Live streams and on-air product converge in other ways, too. When the state’s governor recently resigned in scandal, for example, news cameras were staked out all over the statehouse to cover his final departure. A veteran WKRG political reporter had put herself where other cameras couldn’t go at the back door, however, and she had the exclusive shot as the governor left the building, one that was soon picked up by WKRG’s air.

Best has a few key moves in his Facebook Live playbook that have served the station well so far. First is frequency. “Do it often,” he says. “Let the viewers know it’s in your toolbox.”

Length is equally important. Streams that run only a few minutes won’t catch on, so Best advises to let it run at least 10 minutes to allow the viewership build up. “If you have 2,000 viewers, you try to keep it going and don’t let that audience go,” he says.

On the flip side, if only a couple of dozen viewers are staying with the feed, it’s probably time to kill it.

Best also says that stations don’t need to feed a stream with talk the whole time. People will watch a live breaking news scene unfold without unnecessary chatter laid on top of it.
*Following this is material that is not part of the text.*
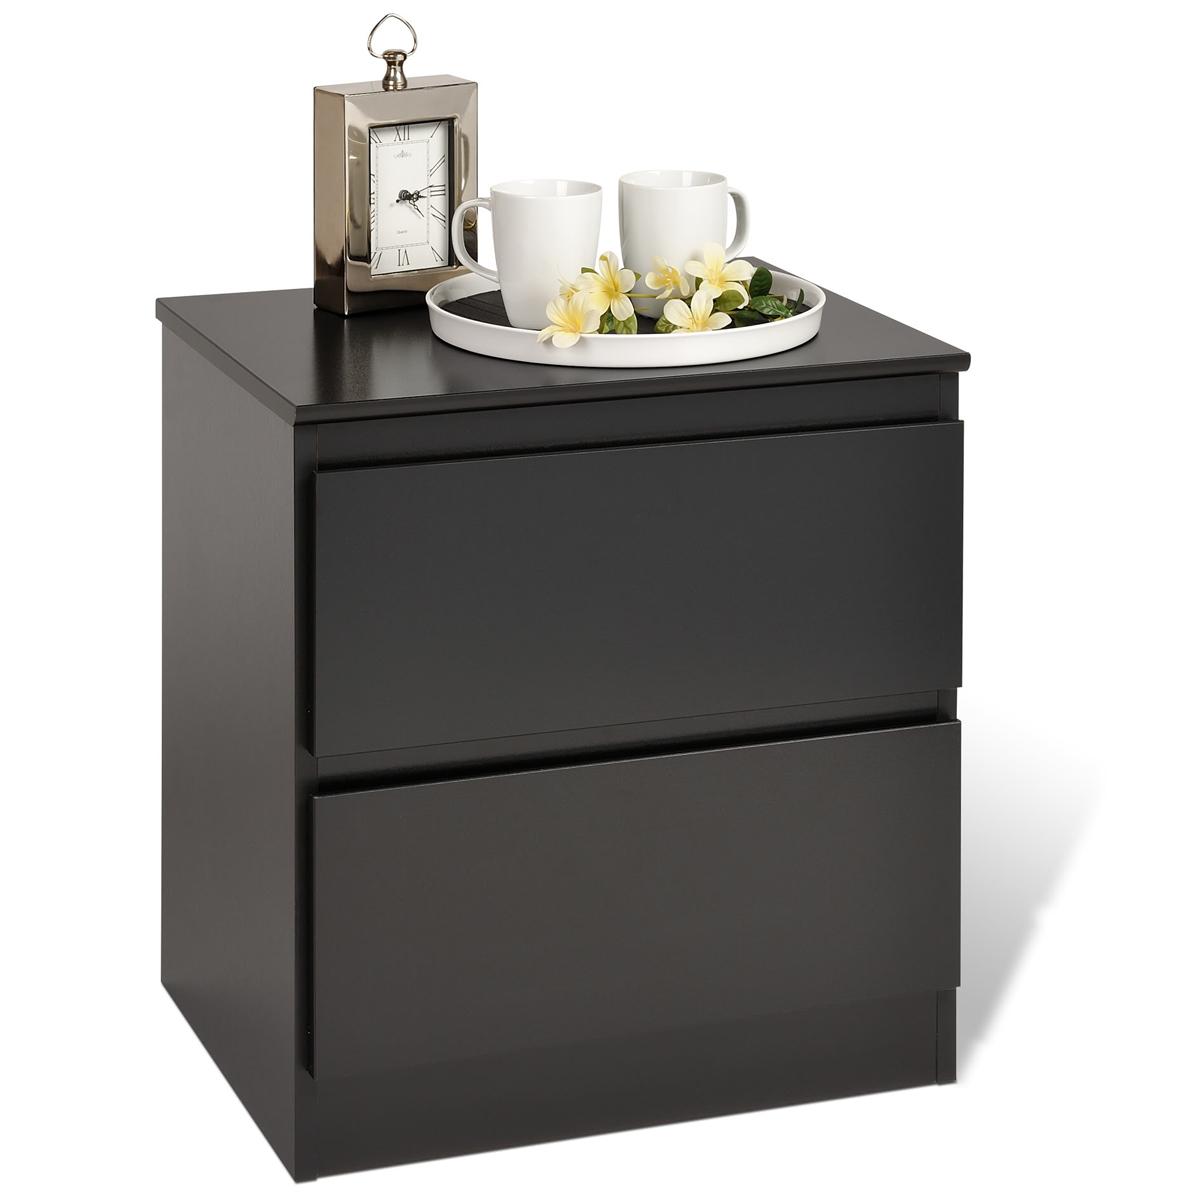 central park 2 drawer nightstand. Black Bedroom Furniture Sets. Home Design Ideas

But that said, he advises keeping a constant eye on the comments coming in to make sure you’re addressing concerns or questions as they arise.

To those who might be skeptical of WKRG’s snug embrace of Facebook Live, Best emphasizes that it’s a key part of an endless strategy to drive viewers back to its own web, apps and air. “We have a digital-first philosophy, and the reality is we need to be where are viewers are,” he says, shrugging off cannibalization fears. “What I’m more worried about is somebody being there when we’re not.”